Predictors included in the models were largely based on known CKD risk factors (hypertension, diabetes mellitus, or history of cardiovascular disease). The only biomarkers included were systolic and diastolic blood pressure, and body mass index. Multiple imputation of missing values was applied to these variables, along with deprivation, haemoglobin (i.e. to calculate presence of anaemia) and smoking. In these predictors, missing values ranged from 1.8 % to 70.0 %, with a median value of 46.0 %. Conversely, we excluded proteinuria as a predictor from our analyses due to 94.6 % missing data (Table 2); therefore, the models by Bang et al. [54] and Kwon et al. [55] had one missing predictor. Finally, three of the included models, which derived a simplified scoring system [53, 55, 57], did not report the intercept of their underpinning logistic regression model, and therefore we estimated the intercepts from the prevalence of CKD and predictors’ summary statistics in the original studies.

Table 2 Patients with complete and incomplete follow-up data stratified for CKD onset; values are numbers (%) unless indicated otherwise

Study population characteristics

Figure 2 shows the cohort selection process. There were 187,533 adult patients with at least one record in the financial year 2009 in our database, of which 178,399 remained after applying our exclusion criteria, with 6941 patients (3.9 %) that died before developing CKD. There were 162,653 patients (91.2 %) who had complete follow-up data. Overall, there were 6038 incident cases of CKD during the study period. Tables 2 and 3 describe the characteristics of cohorts with complete and incomplete follow-up.

Fig. 2
figure 2

Cohort selection

Table 3 Prevalence of CKD risk factors (as expressed in NICE guidelines) stratified for CKD onset; values are numbers (%) unless indicated otherwise

External validation

Table 4 presents the results of the external validation, namely discrimination and calibration. AUC values ranged from 0.892 (95 % CI, 0.888–0.985) to 0.910 (95 % CI, 0.907–0.913) for patients with complete follow-up data, and the c-index values for the two CPH models on the full cohort were 0.888 (95 % CI, 0.885–0.892) [51] and 0.900 (95 % CI, 0.897–0.903) [36], respectively. Simplified scores showed similar performance to the models from which they were derived. MAPE was below 0.1 for all models, with the only exception of Thakkinstian et al. [56], for which the MAPE was 0.179 (standard deviation (SD), 0.161). Calibration plots (Fig. 3) and related calibration slopes (Table 4) on the complete follow-up data showed similar figures to the MAPE analysis. Thakkinstian et al. [56] confirmed a tendency for over-predicting risk with a calibration slope of 0.44 (95 % CI, 0.43–0.45). Conversely, the only models that were well-calibrated to our population were the ones by Bang et al. [54] and QKidney® [36] with calibration slope values of 0.97 (95 % CI, 0.96–0.98) and 1.02 (95 % CI, 1.01–1.04), respectively. All other models over predicted risks (i.e. calibration slopes ranging between 0.53 [ 95 % CI, 0.52–0.53] and 0.68 [ 95 % CI, 0.67–0.69] ), with the exception of the model by Kshirsagar et al. [53], which predicted lower risk and had a calibration slope of 1.74 (95 % CI, 1.72–1.76).

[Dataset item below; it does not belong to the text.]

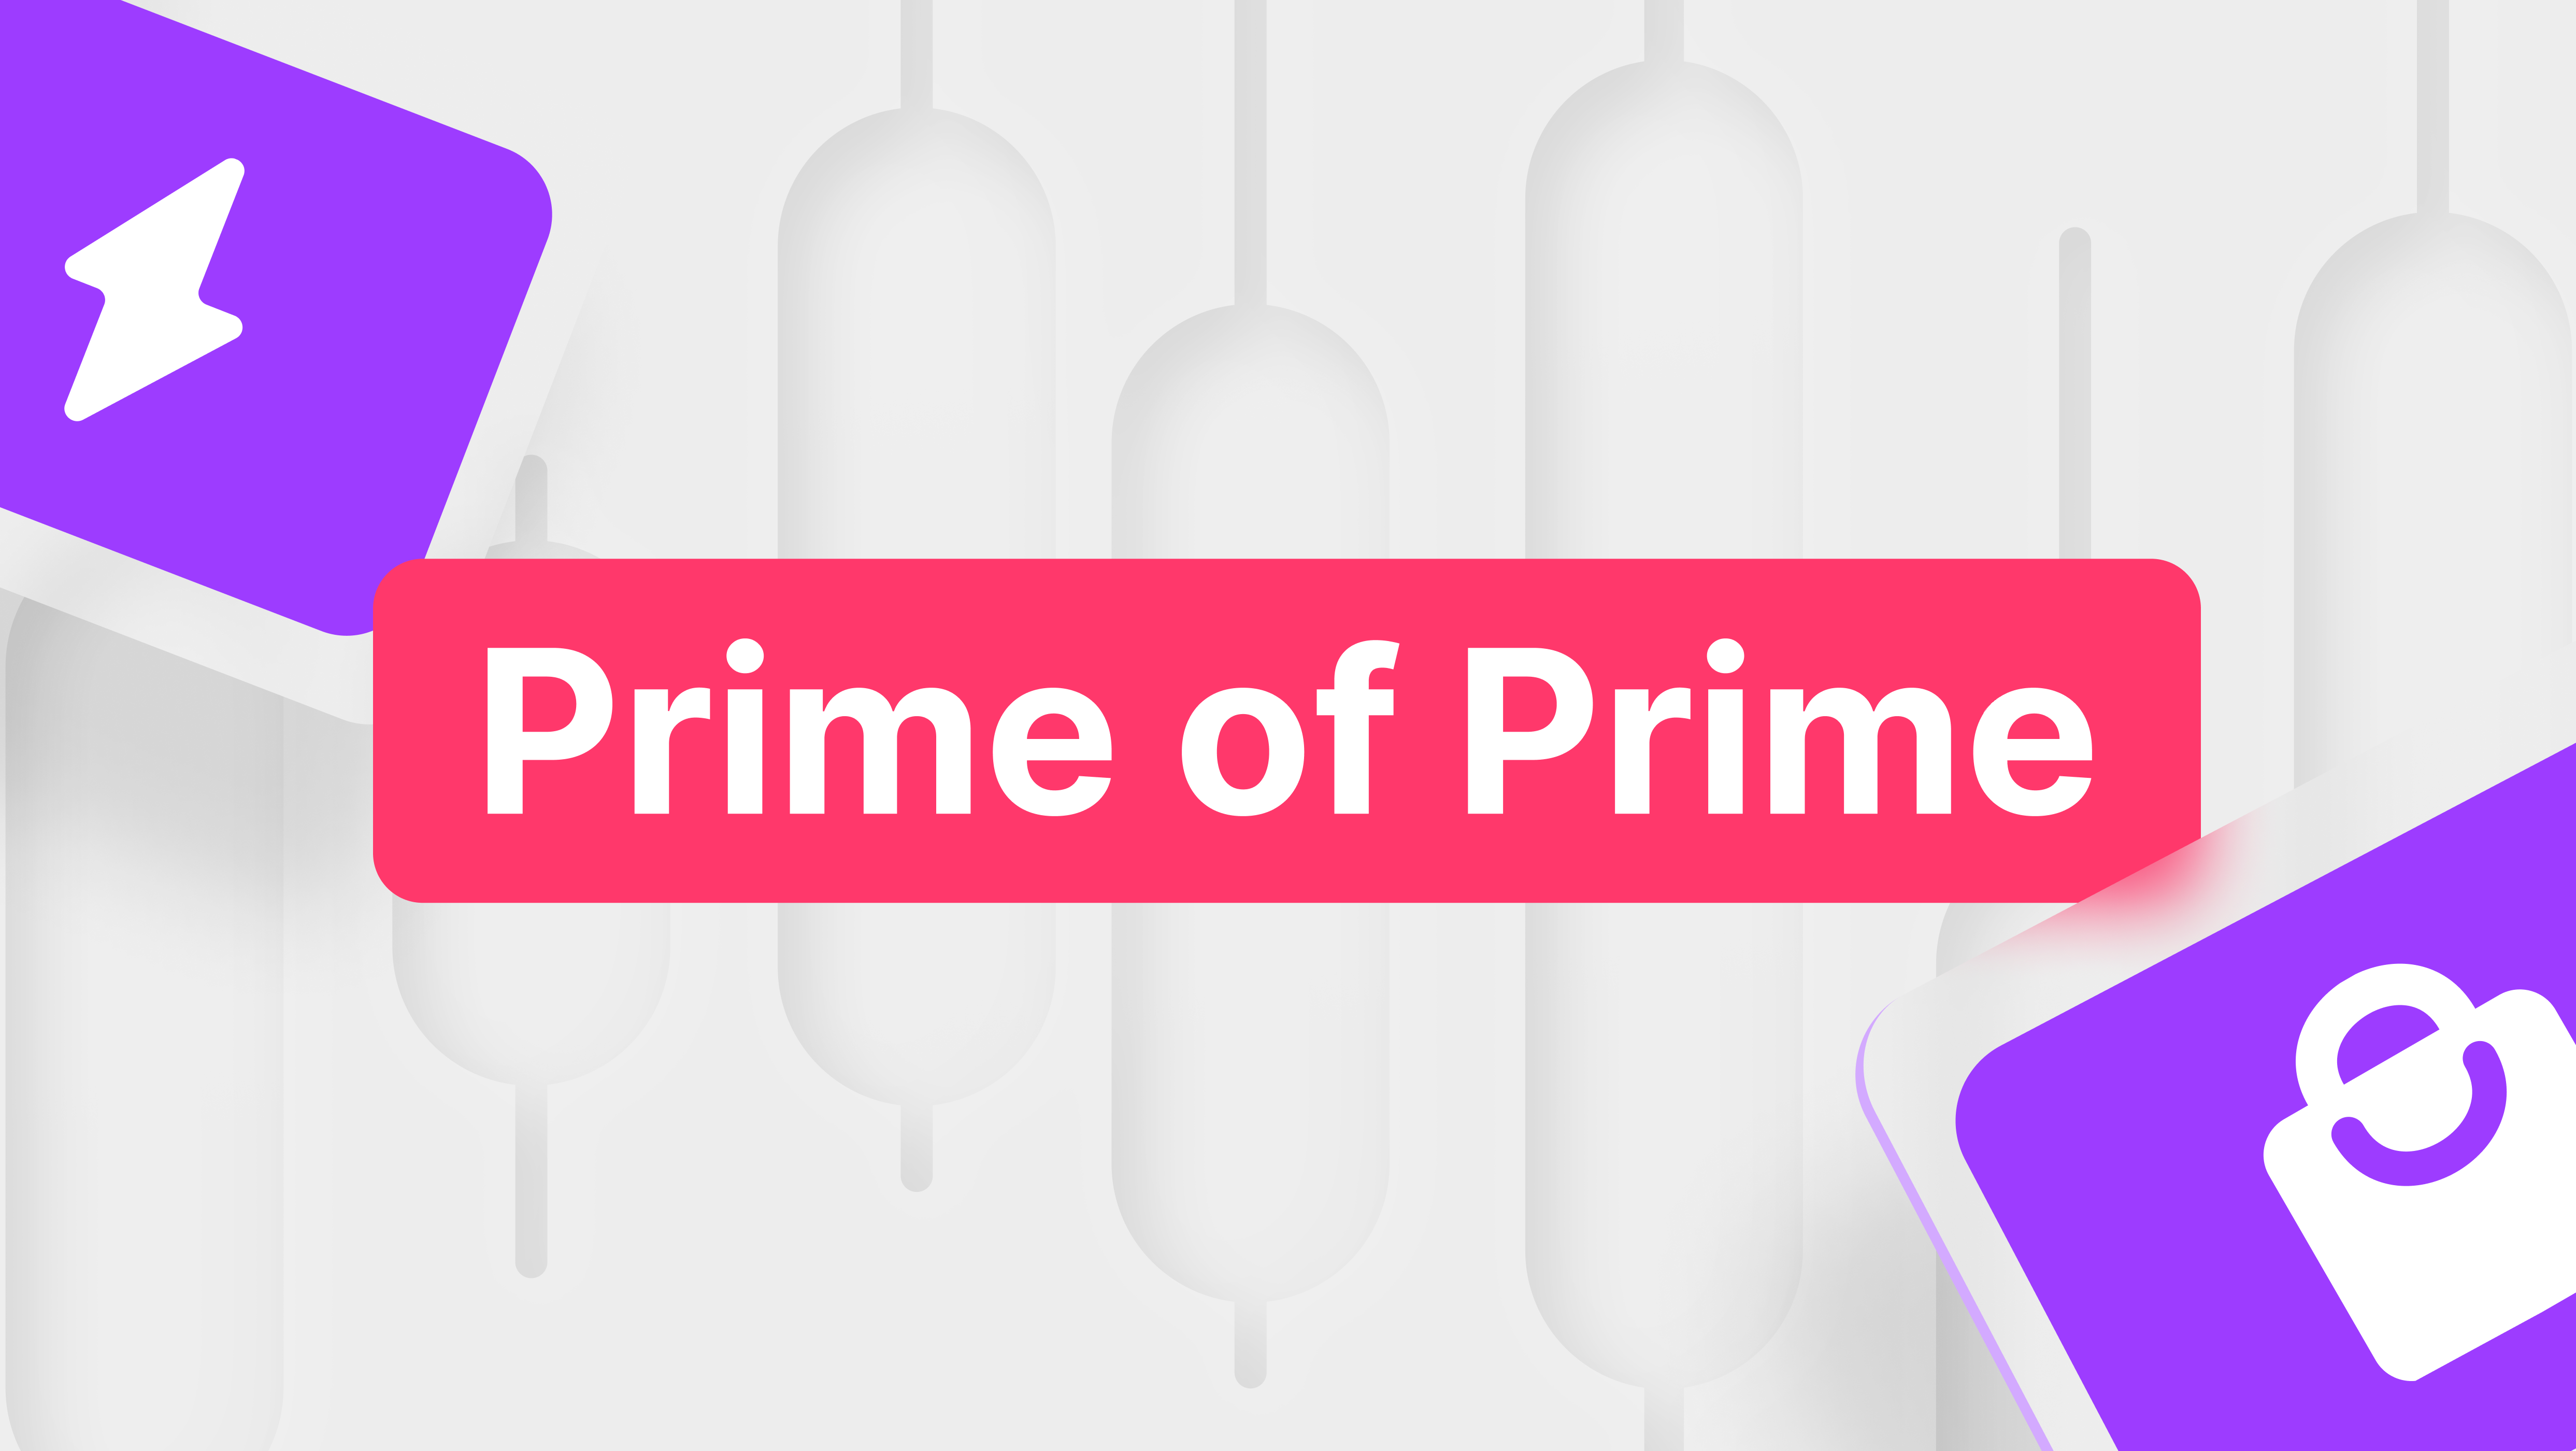 Prime of Prime vs Prime Brokers, Key Differences

Table 4 Discrimination, MAPE and calibration slopes of included models in patients with complete follow-up data (all models and risk scores) and in the full validation cohort (Cox proportional hazards regression models only)
Fig. 3
figure 3

Calibration plot of predicted and observed risk for the cohort of patients with complete follow-up. On the bottom a rug plot in the form of histogram shows the distribution of the predicted values

Table 5 reports the PPV, sensitivity and specificity for each of the simplified scoring systems. In this analysis we included the full QKidney® [36] model as it does not have an associated simplified scoring system. We also included the full O’Seaghdha et al. [52] model because we could not implement their scoring system: multiple predictors had 70 % or more missing values in our dataset. For two scoring systems (Chien et al. [51] and Thakkinstian et al. [56]), the best threshold in our population was different than the threshold proposed in the development study. For QKidney® [36] and O’Seaghdha et al. [52], who did not report a threshold in the development study, the optimal threshold in our population was 0.017 (SD, 0.002) and 0.086 (SD, 0.010), respectively. In terms of performance, models showed similar performance, with a PPV, sensitivity and specificity of approximately 0.145, 0.86 and 0.80, respectively.

Table 5 Positive predictive value, sensitivity and specificity for simplified scoring systems when applying to the threshold that was proposed in the development study and best threshold on our dataset, calculated using the Youden’s method [43]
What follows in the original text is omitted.